Replace `<job-id>` with the job ID from Step 1:

Write to `/tmp/request.json`:

```json
{
  "jobid": "<job-id>"
}
```

```bash
bash -c 'curl --location --request POST "https://api.pdf.co/v1/job/check" --header "x-api-key: ${PDFCO_API_KEY}" --header "Content-Type: application/json" -d @/tmp/request.json'
```

---

## Common Parameters

| Parameter | Type | Description |
|-----------|------|-------------|
| `url` | string | URL to source file (required) |
| `inline` | boolean | Return result in response body |
| `async` | boolean | Run as background job |
| `pages` | string | Page range, **1-indexed** (e.g., "1-3", "1,3,5", "2-") |
| `name` | string | Output filename |
| `password` | string | PDF password if protected |
| `expiration` | integer | Output link expiration in minutes (default: 60) |

---

## Response Format

```json
{
  "url": "https://pdf-temp-files.s3.amazonaws.com/.../result.pdf",
  "pageCount": 5,
  "error": false,
  "status": 200,
  "name": "result.pdf",
  "credits": 10,
  "remainingCredits": 9990
}
```

With `inline: true`, the response includes `body` field with extracted content.

---

## API Endpoints

| Endpoint | Description |
|----------|-------------|
| `/pdf/convert/to/text` | PDF to text (OCR supported) |
| `/pdf/convert/to/csv` | PDF to CSV |
| `/pdf/convert/to/json` | PDF to JSON |
| `/pdf/merge` | Merge multiple PDFs |
| `/pdf/split` | Split PDF by pages |
| `/pdf/optimize` | Compress PDF |
| `/pdf/convert/from/html` | HTML to PDF |
| `/pdf/convert/from/url` | URL to PDF |
| `/ai-invoice-parser` | AI-powered invoice parsing |
| `/document-parser` | Template-based document parsing |
| `/file/upload/get-presigned-url` | Get upload URL |
| `/job/check` | Check async job status |

---

## Guidelines

1. **File Sources**: Use direct URLs or upload files first via presigned URL
2. **Large Files**: Use `async: true` for files over 40 pages or 10MB
3. **OCR**: Automatically enabled for scanned PDFs (set `lang` for non-English)
4. **Rate Limits**: Check your plan at https://pdf.co/pricing
5. **Output Expiration**: Download results within expiration time (default 60 min)
6. **Credits**: Each operation costs credits; check `remainingCredits` in response

Overview

This skill provides an all-in-one PDF processing API for conversion, extraction, merging, splitting, compression and more.
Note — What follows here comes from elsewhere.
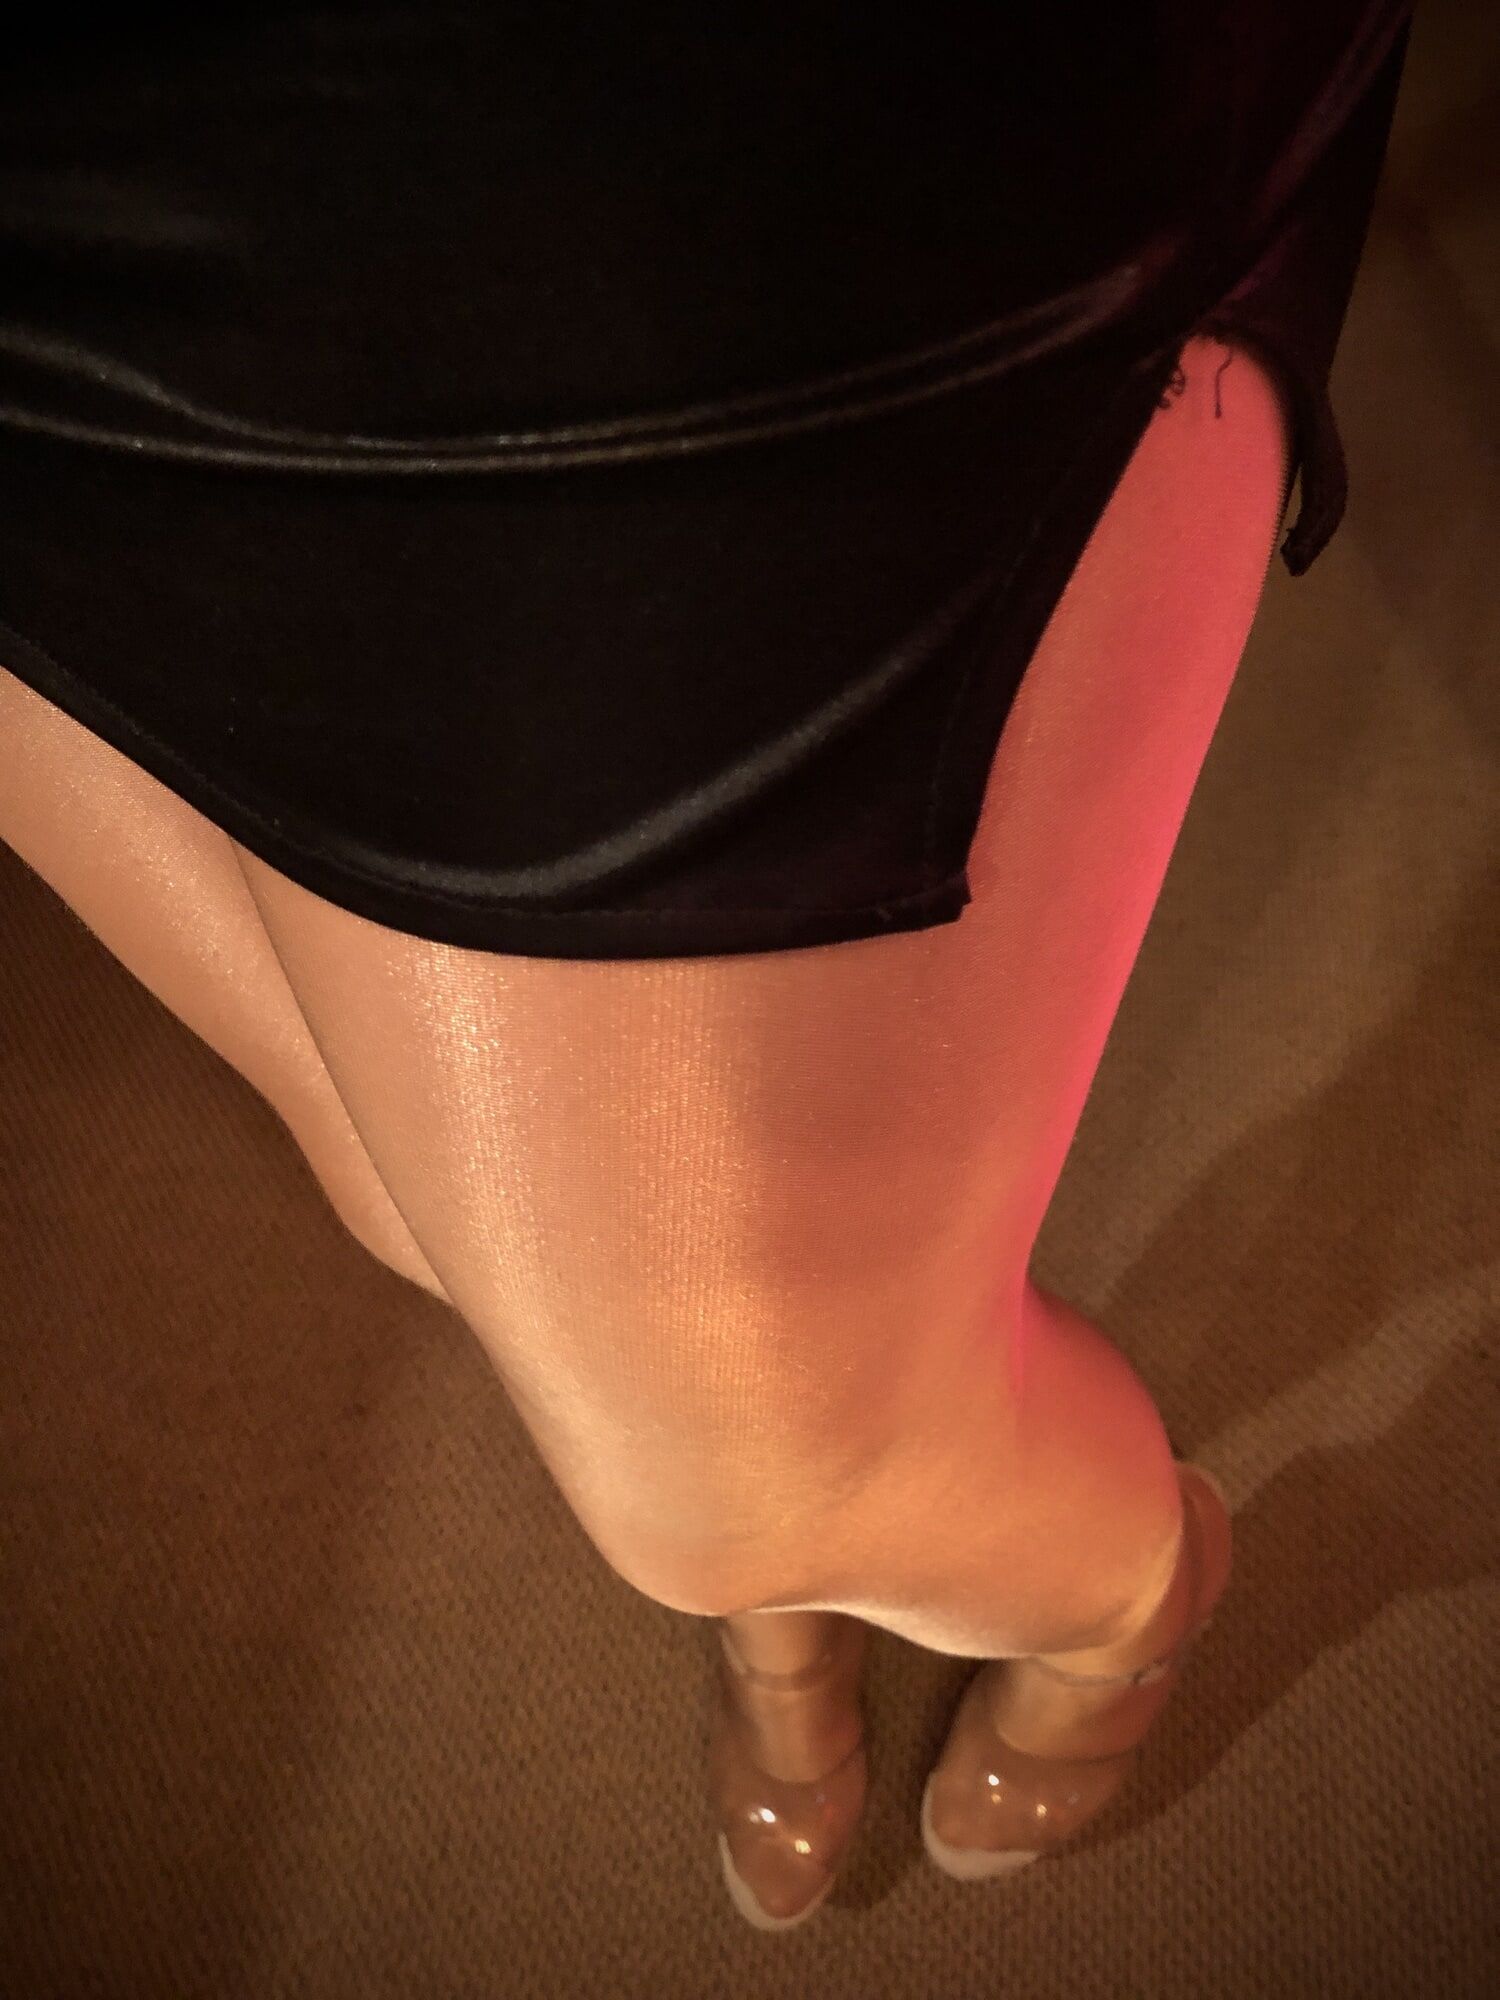 My legs looks so hot on pantyhose and high heels!

It supports OCR for scanned documents and includes AI-powered parsers for invoices and structured documents. Use it to automate PDF workflows from simple text extraction to large-file async jobs.

How this skill works

Interact with the API by sending JSON requests that reference file URLs or uploaded files (via presigned URLs). Common operations include convert-to-text/CSV/JSON, merge, split, compress, HTML/URL-to-PDF, and AI invoice/document parsing. For large files, enable async mode to receive a job ID and poll the job status until results are ready.

When to use it

Extract searchable text from PDFs, including scanned images via OCR.
Convert PDF tables to CSV or structured JSON for downstream processing.
Combine multiple PDF files into a single document or split a PDF by page ranges.
Compress PDFs to reduce size for storage or email.
Convert HTML or web pages into PDF for archiving or reporting.
Parse invoices and documents into structured fields with AI or templates.

Best practices

Upload local files using presigned URLs, then pass the returned file URL to API endpoints.
Use async: true for files larger than ~10MB or PDFs with many pages to avoid timeouts.
Specify pages (1-indexed) when you only need a subset to save credits and time.
Set inline: true when you want content returned directly in the response body.
Monitor remainingCredits and output expiration; download results before the link expires.

Example use cases

Extract text from a scanned contract and feed it into an indexing/search pipeline.
Convert a batch of invoice PDFs to JSON for accounting automation.
Merge monthly reports into a single PDF for distribution.
Split a large scanned book into chapter PDFs by page ranges.
Generate PDF snapshots of web pages for compliance or audit trails.

FAQ

How do I process a local file?

Request a presigned upload URL, PUT your file to that URL, then use the returned file URL in subsequent API calls.

When should I use async mode?

Enable async for large files (over ~10MB or many pages) or long-running operations to avoid request timeouts; poll the job/check endpoint with the jobId.